She doesn't say a word as we enter the washroom and she shuts the door behind her. She turns to me and opens her arms and I immediately hug her, crying my eyes out. I am not crying because Finn showed up, I am crying because I was just the centre of attention again, I am crying because the look Chris gave me when I stepped away has my heart all confused, I am crying because every time Evan touches me, I have to pull away in order to not drown in guilt and shame. But, mostly, I am crying because Finn mentioned my mother.

"I am so sorry, Adri." She says and I nod, stepping away and turning towards the faucet.

I throw water on my face to cool down my warm skin and close my eyes, telling myself that I have cried enough this month in front of others. I hate crying, because it makes me feel pathetic. I take in a deep breath and turn to Breanna.

"My hand hurts like a fucking bitch." I tell her and she laughs loudly, taking my hand in hers.

"Let's go to nurse's office, yeah?" She says and I shake my head.

"She's going to put up questions, and I am pretty sure I will get suspended if I say that I punched a student, and also smacked him." I tell her and she thinks about it for a second before nodding.

As if on cue, the door bursts open and Chris enters, a box in his hand and looks between Breanna and I. While she does the same, looking between Chris and I, making me want to roll my eyes but I resist the temptation.

"Luke was looking for you." He tells her and she looks at me, as if asking me if I am going to be okay and I give her a nod.

When she leaves, Chris turns to me. He gestures towards the sink counter and this time, I roll my eyes. The two of us need to stop ending up like this.

"Is your hand throbbing yet?" He asks and I nod.

"Like a fucking bitch." I repeat my words from earlier and he chuckles.

He steps towards me with a hesitant look in his eyes and I gulp. "Is it okay if I apply something on it to help with the pain?" He asks, pointing towards my hands and I nod.

If I hadn't pulled away from him earlier, I am pretty sure he wouldn't have asked for permission. He takes my hand in his and I try not to gasp at the feelings his touch brings to me, even when he's holding my injured hand.

I thought a lot about that this last week, as to why that happens, and the only thing I could come up with was the fact that I find him physically attractive. I don't mind denying the fact that I think Chris is hot, like really hot. So I think it's safe to say that I am attracted to him. Yup, I am a little taken aback by the fact, seeing as to how a month back I disliked his guts so much. But, he has a really hot face, and body.

He pulls open the first aid box and takes out a cream and applies it on my bruised hand, making me wince in pain. His brows are pinched together as he studies my hand, trying not to touch much because it hurts. When he looks up, his eyes meet mine and I don't look away.

"Why do you have first aid box with you?" I ask and he keeps the medicine back in it.

"Basketball." He says and I nod, understanding. He must have game injuries, and it's ordered by Coach to have one in their lockers in case anyone needs it during the practice because usually nurse's office closes by then.

"I am sorry about what happened back there." I mumble and he frowns at me.

"Why are you apologising?" He asks and I look away from his piercing gaze.

"I caused a scene back there," I say and then mumble under my breath, "too much attention."

Unfortunately, due to how close he's standing, he catches it and his eyes meet mine. His hand comes up to rest on my cheek, his palm on my cheek and the heat that radiates off of him makes me close my eyes and lean into his touch.

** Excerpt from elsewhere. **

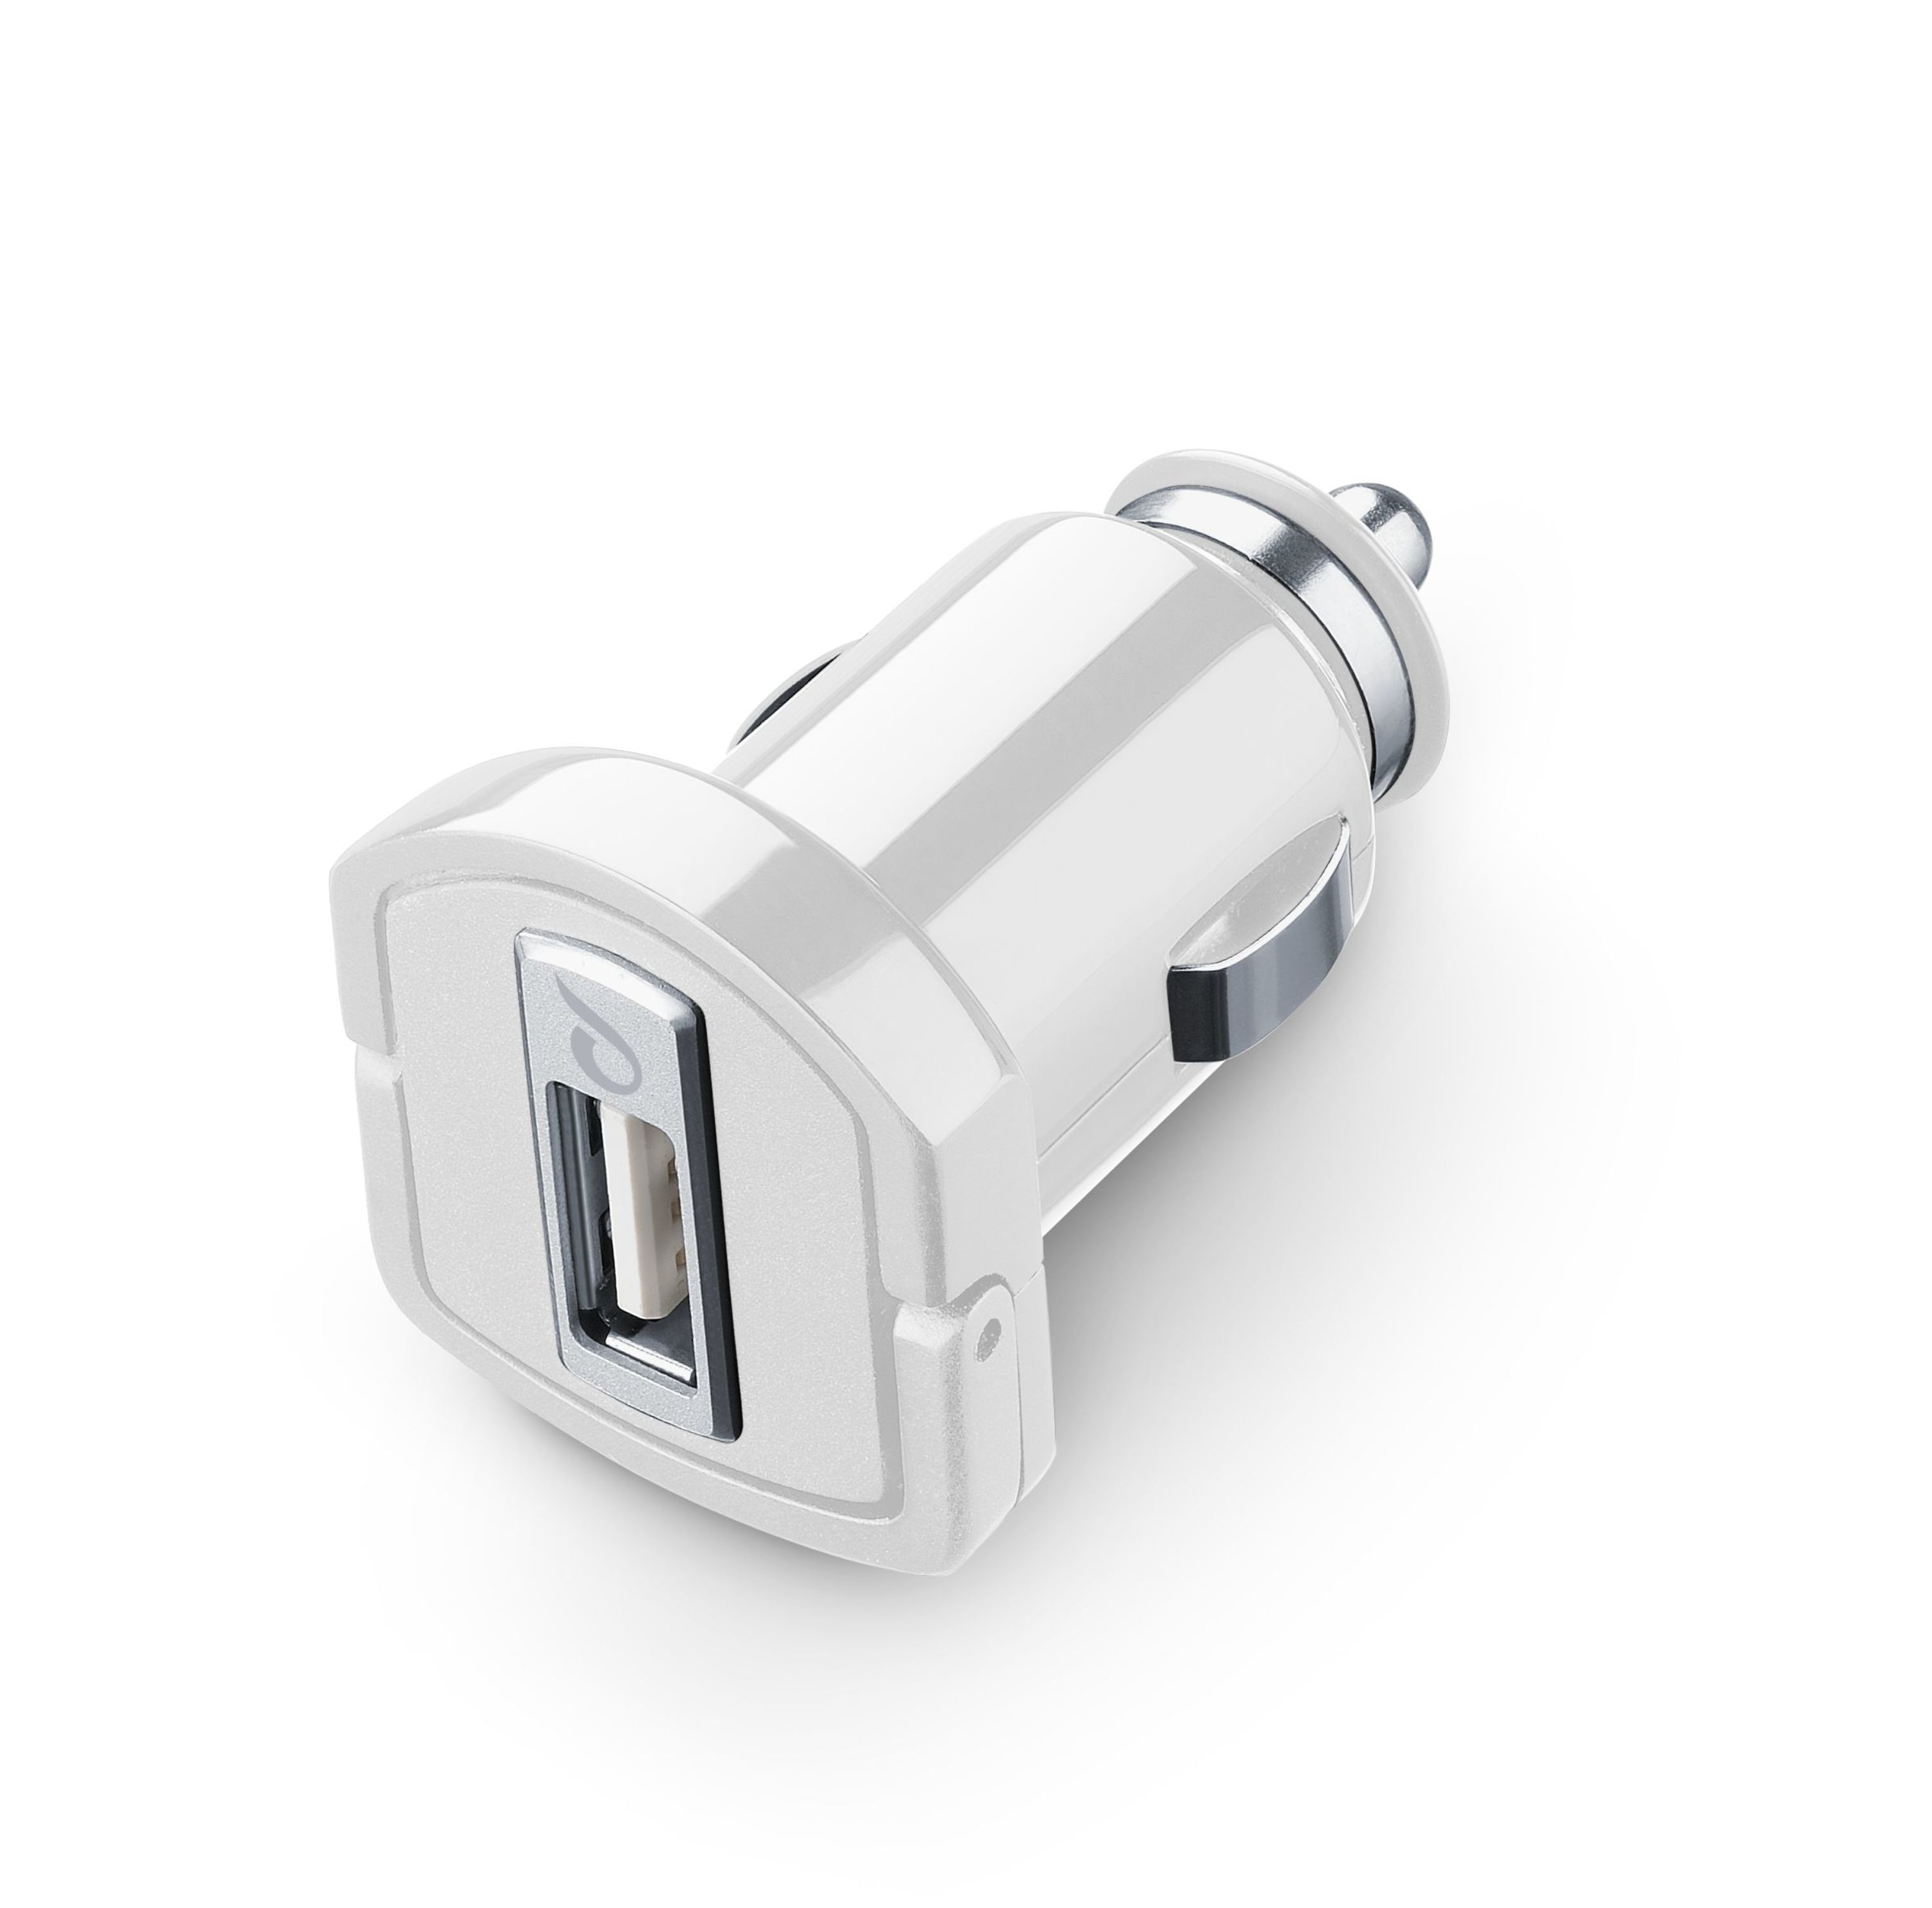 Chargeur voiture usb, 5W/1A Apple, blanc

"What is it with you and attention lately?" He asks, making me snap my eyes open and frown at him.

"W-what?" I stutter, making him scowl. I never stutter like that!

"I never meant to hear it, and I am sorry I should have just closed it as soon as it started but I couldn't help it." He says, pleading and bewilderment takes over my features.

"What are you talking about?"

"The phone call you had with Evan that day, when you were in library. You talked from Jordan's phone and the other day I was trying to prove him a point and wanted to play another recording but accidentally played the recorded phone call. You were so mad at him, and you mentioned something about not wanting attention even back then." He explains and I flinch away from his touch, so he drops his hand altogether and gulps, running a hand through his hair.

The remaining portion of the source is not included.